Provided material:
•••••
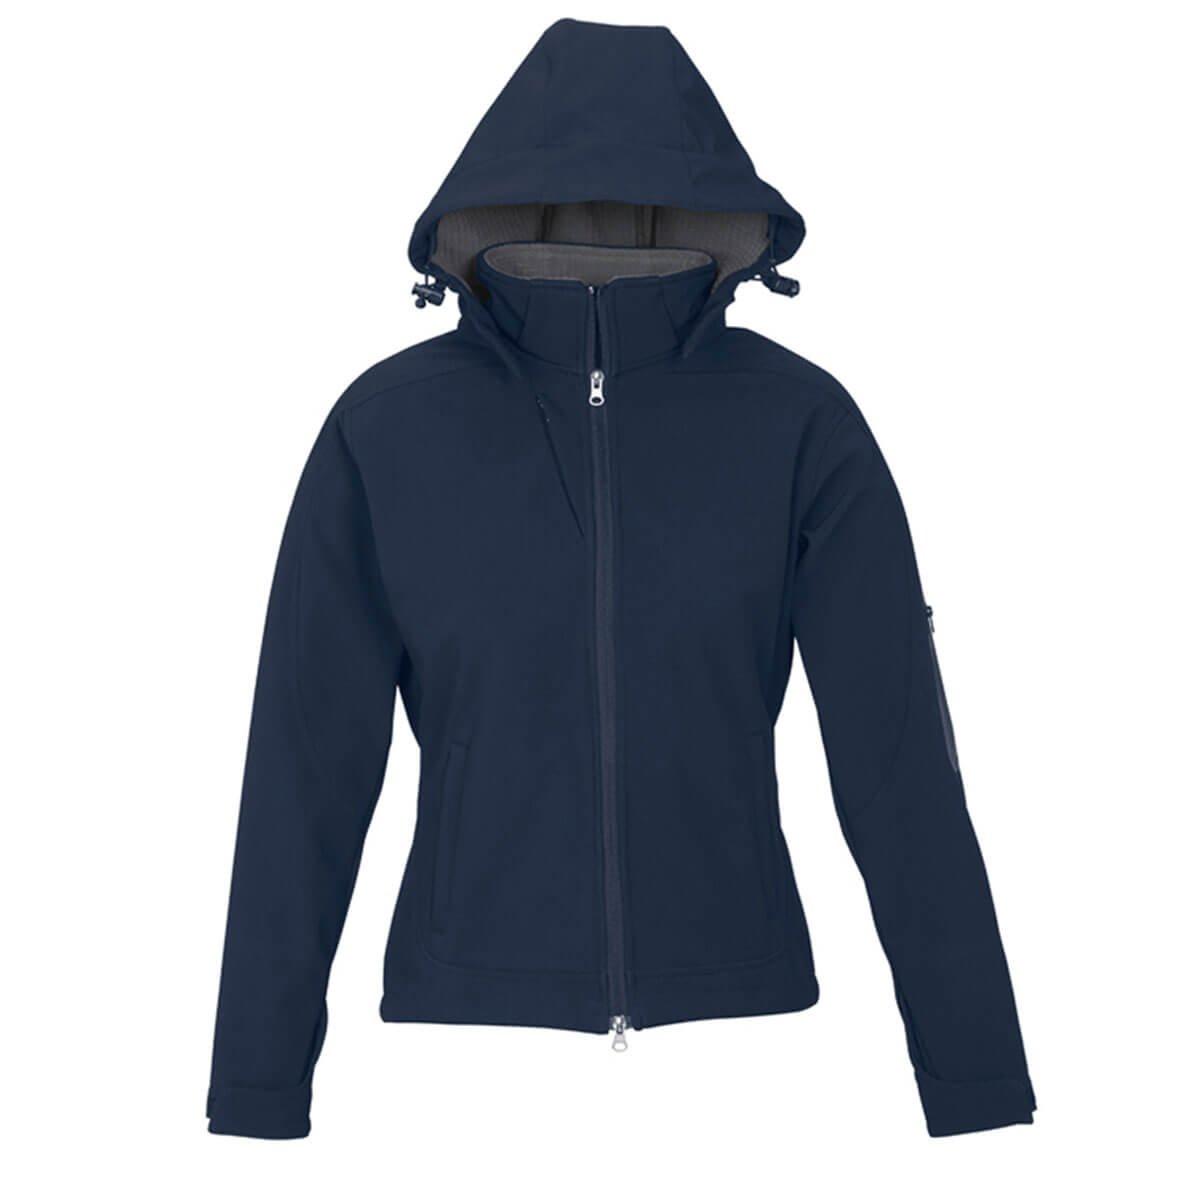 Ladies Summit Jacket-Navy / Graphite
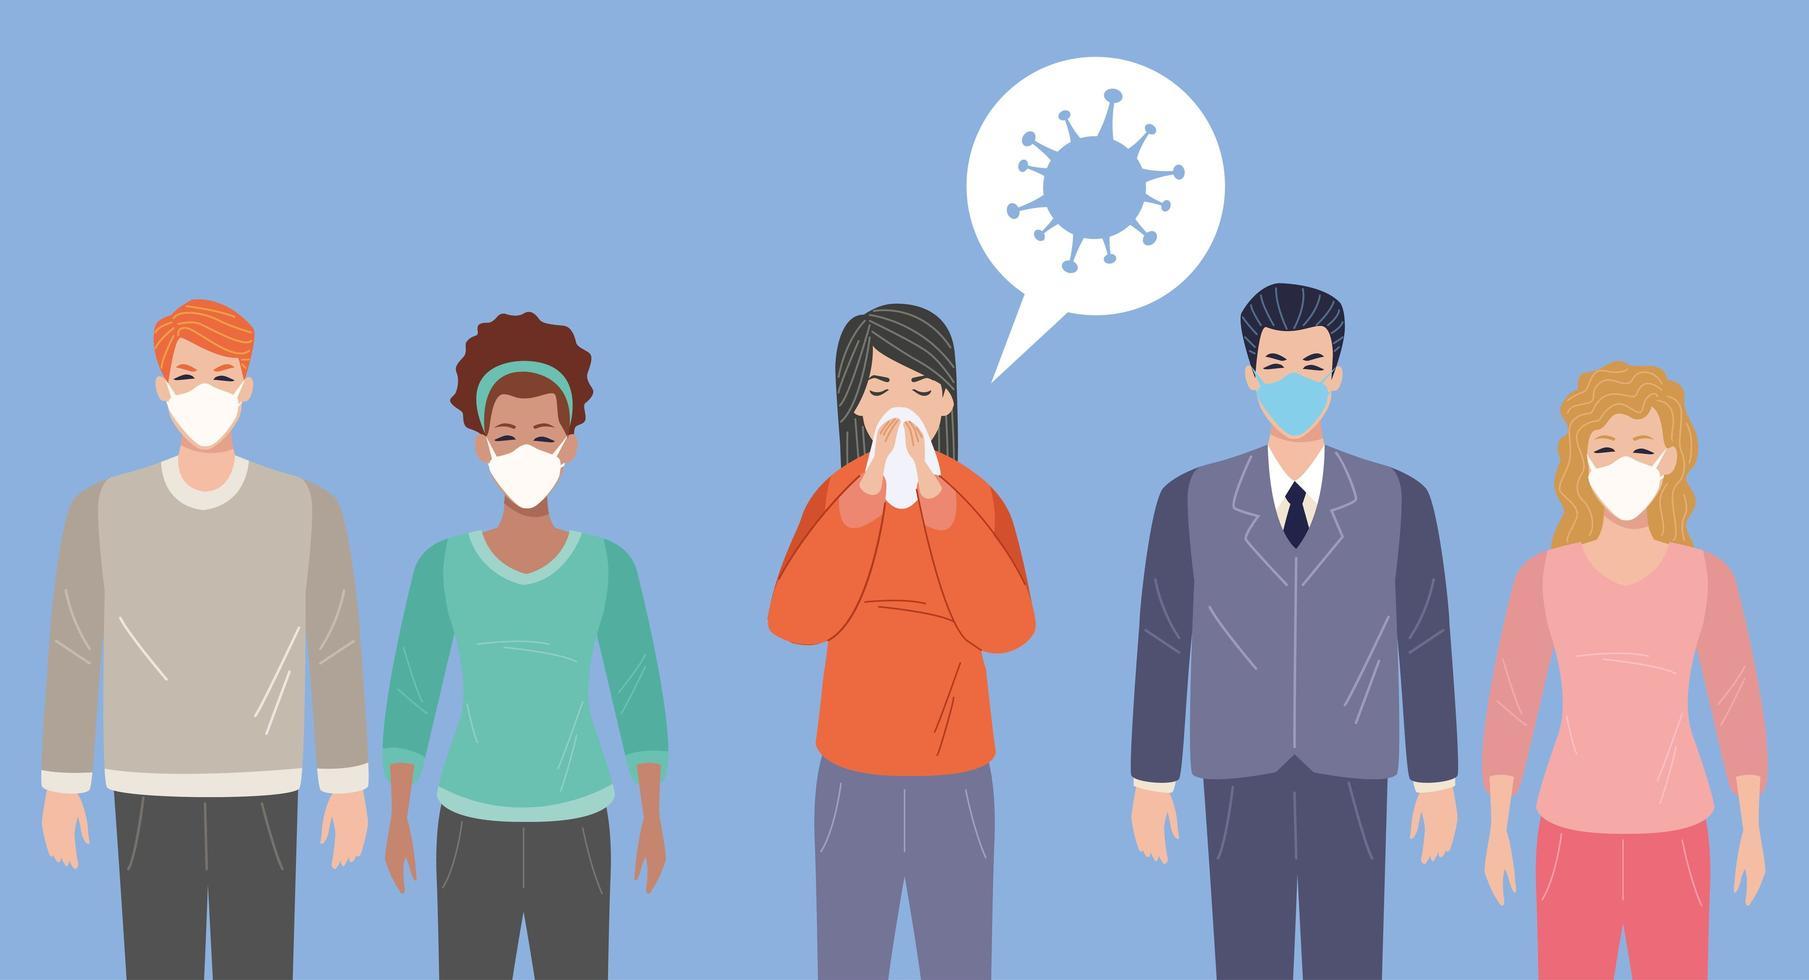 Frau mit 19 Symptomen und andere mit Gesichtsmasken vektor
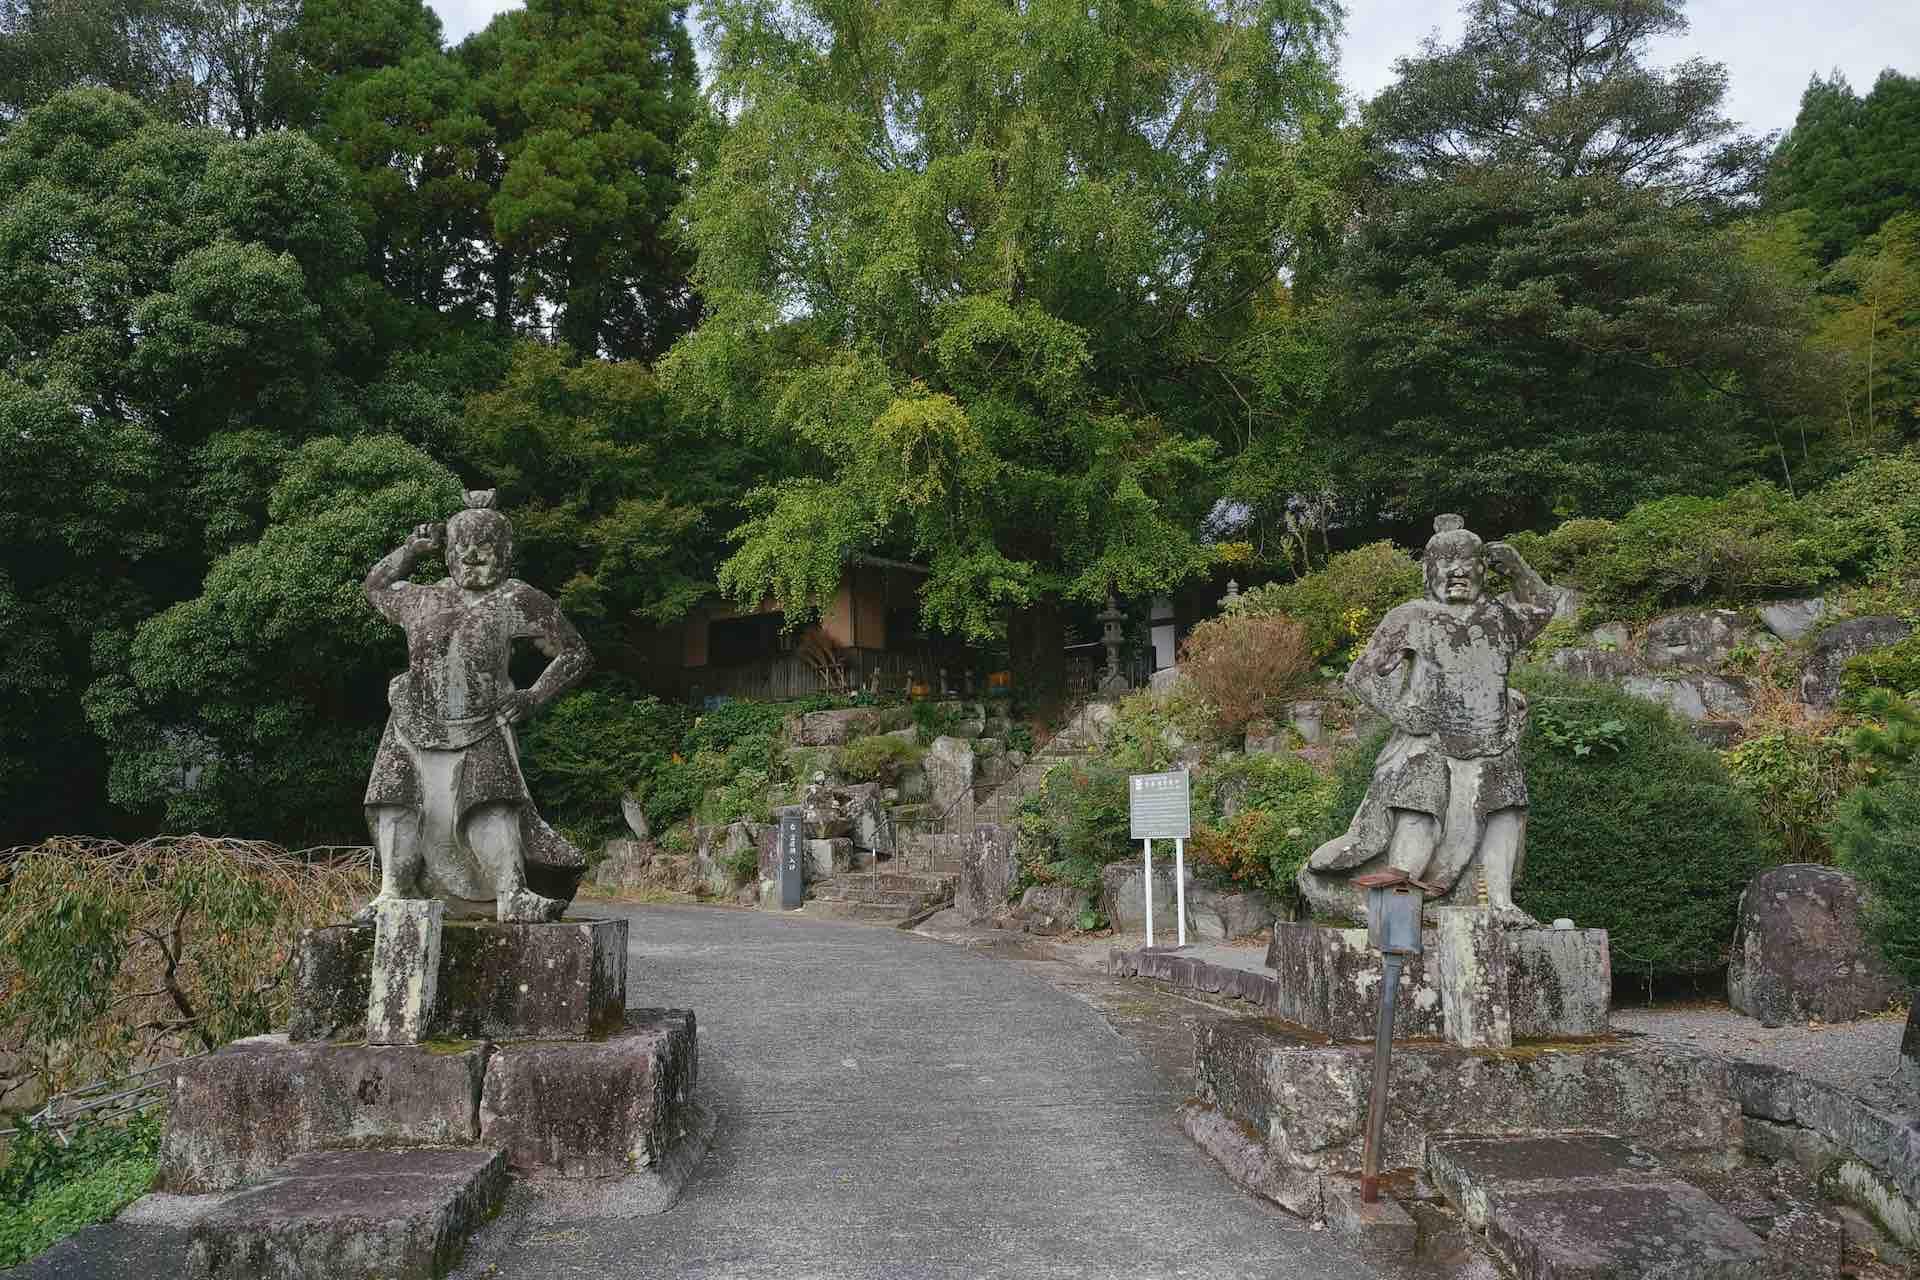 Una Visita al Tempio Unganzenji di Kumamoto e alla Grotta di Miyamoto Musashi
•••••
Print the data word for word and omit the pictures.

Exercise result:
 Ladies Summit Jacket-Navy / Graphite
 Frau mit 19 Symptomen und andere mit Gesichtsmasken vektor
 Una Visita al Tempio Unganzenji di Kumamoto e alla Grotta di Miyamoto Musashi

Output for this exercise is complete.